For an acquirer, the BigSis brand represents a credible and established name within the agritech and applied engineering market, offering immediate technical credibility, sector relevance and a defined innovation-led position, providing a foundation from which to advance product development, expand commercial deployment, and further develop proprietary technology and intellectual property under an established and recognised agritech identity.
The BigSis SICP is underpinned by a software-controlled automated production system, which forms the core operational and technological backbone of the platform. The assets available to acquire include the proprietary automation and control software, source code, system architecture used to manage and optimise the SIT production and deployment processes. The automated production system is operated through an extensive library of internally developed code, including cloud-based backups.
BigSis holds rights in its trading name and associated branding.
A schedule of registered trade marks are available via a virtual data room.
The Company holds patent filings relating to the SICP, covering innovations in automation, insect rearing, storage and release methods, together with supporting trade secrets and proprietary datasets.
A full schedule of patents and related documentation is available via the virtual data room.
The Company holds rights in its primary bigsis.tech domain name.
The Company is likely to own the copyright in the website content historically hosted on its domain, including written technical descriptions, visual assets, and supporting content showcasing the Company’s research and engineering capabilities and underlying intellectual property.
The Company has developed a structured body of technical know-how and organisational knowledge relating to its R&D activities, encompassing project records, testing methodologies, CAD design iterations.
The Company holds records relating to historic and recent customer and partner engagements.
Rights in the Company’s LinkedIn social media account is also available to acquire.
The Company’s tangible assets comprise computers, fixtures and fittings, and plant and machinery.
Full details of the Company’s tangible assets are available via the virtual data room.

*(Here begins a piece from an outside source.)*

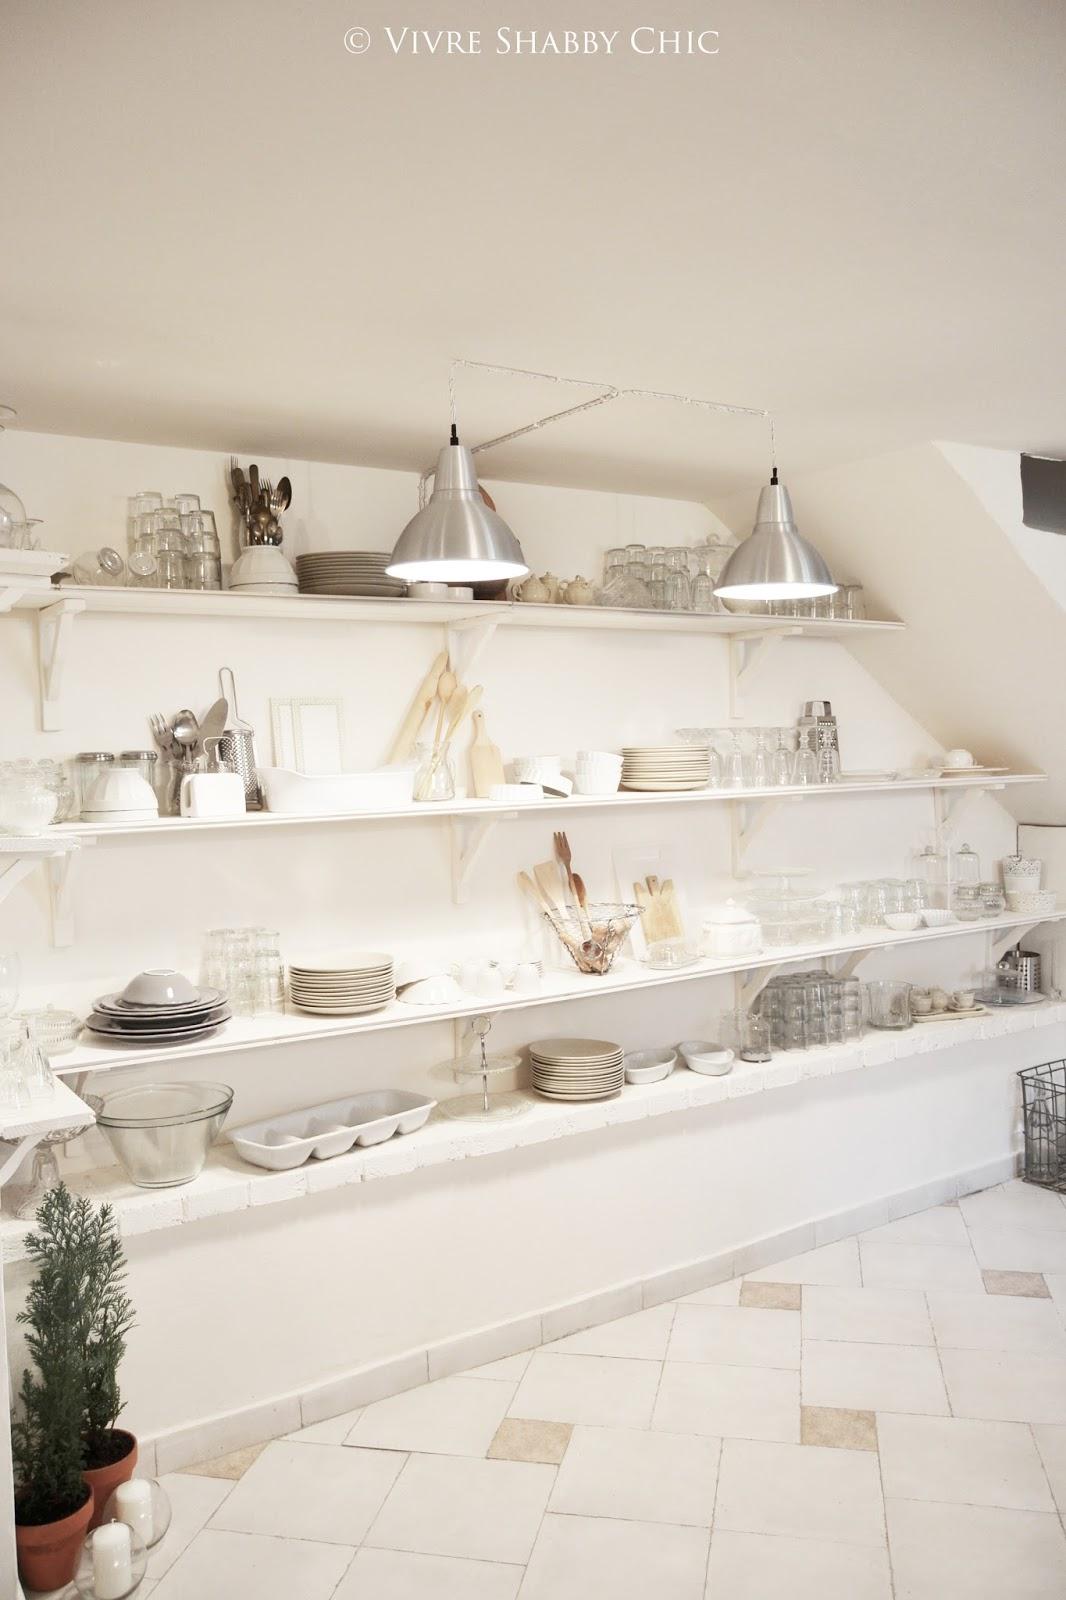 Shabby Chic: Un Tocco Di Stile Industriale: Nuove Lampade In Cucina #8C573F 1066 1600 Arredo Cucina Stile Industriale

Related Tangible Assets Opportunity Can Be Found Here
On receipt of a signed non-disclosure agreement (NDA) access will be provided to a virtual data room housing additional information. To access the NDA please click the link, sign and return via email to [email protected] or [email protected].

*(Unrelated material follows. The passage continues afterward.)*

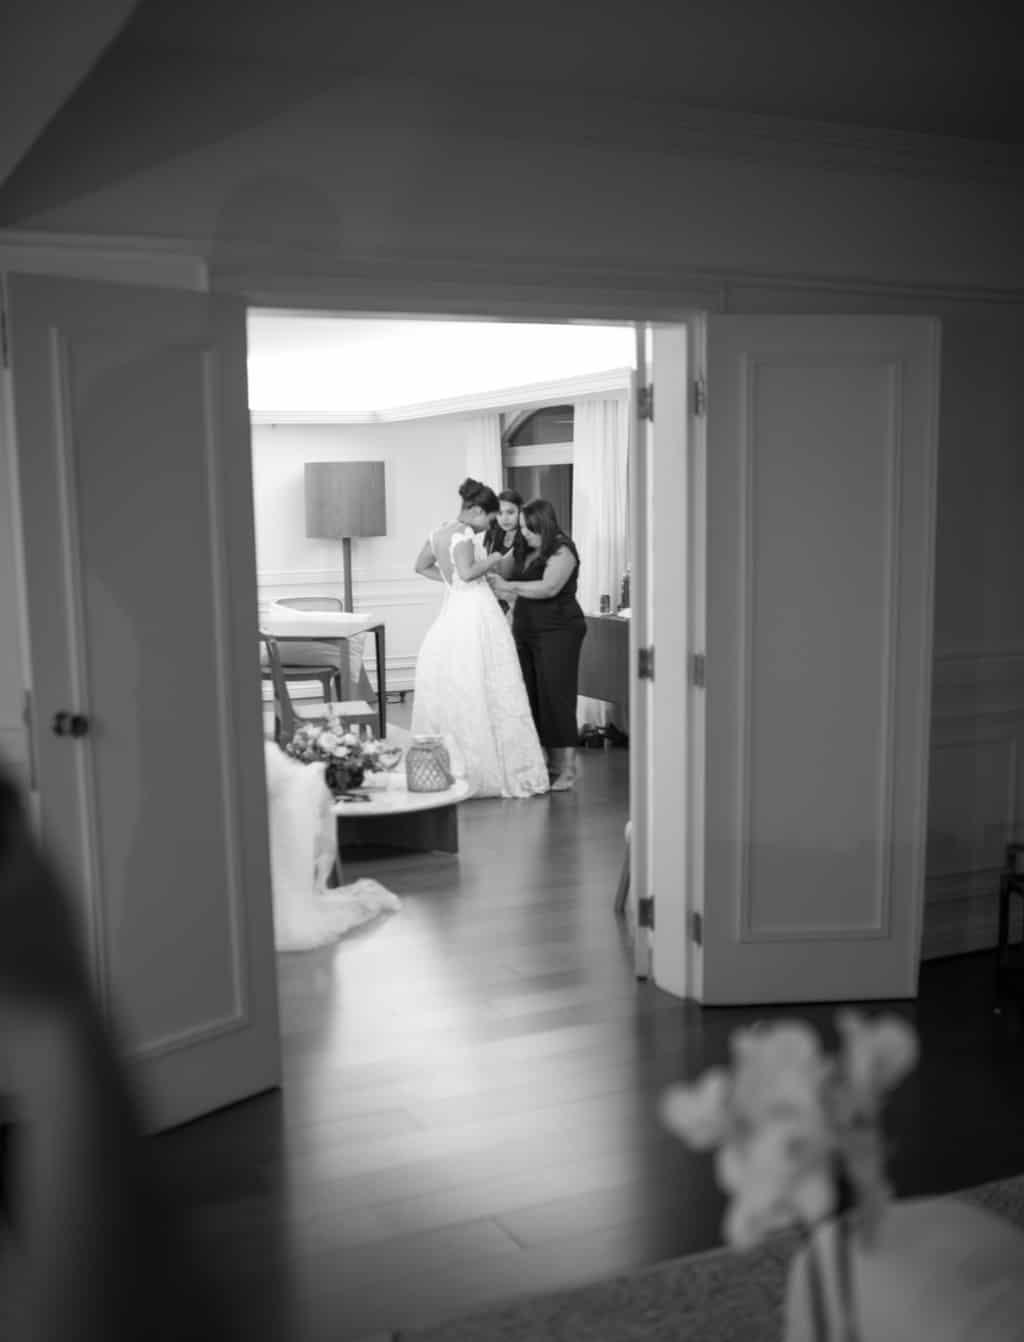 casamenot-Carolina-e-Thiago-casamento-clássico-Rio-de-Janeiro-Fotografia-Marina-Fava39

Hilco is acting as exclusive agent to the Company and its Liquidators in connection with the proposed sale of some or all of the Company’s assets. The Liquidator acts as an agent of the Company and without personal liability.
All sales are made strictly on an “as is, where is” basis. Only such right, title and interest (if any) as the Company may have in the assets will be transferred to a purchaser. No warranties, guarantees, or representations (express or implied) are provided by the Company, its Liquidators, or Hilco in respect of the assets or any information supplied. All parties must rely on their own enquiries and due diligence. Any information provided is for convenience only and has not been independently verified.
All offers are subject to the addition of VAT at the prevailing rate, where applicable. A non-refundable deposit equal to 20% of the agreed purchase price must be paid by the successful purchaser within 48 hours of offer acceptance. Payment of the deposit grants the purchaser the exclusive right to proceed with the acquisition of the relevant assets for a limited period and on the terms agreed.
A Buyer’s Premium of 10% of the final purchase price is payable by the successful purchaser in addition to the agreed purchase price, is non-negotiable and is payable at the same time and in the same manner as the purchase price and forms a condition of sale.
Legal completion must occur within five (5) business days of offer acceptance, unless otherwise agreed in writing by the Company and its Liquidators.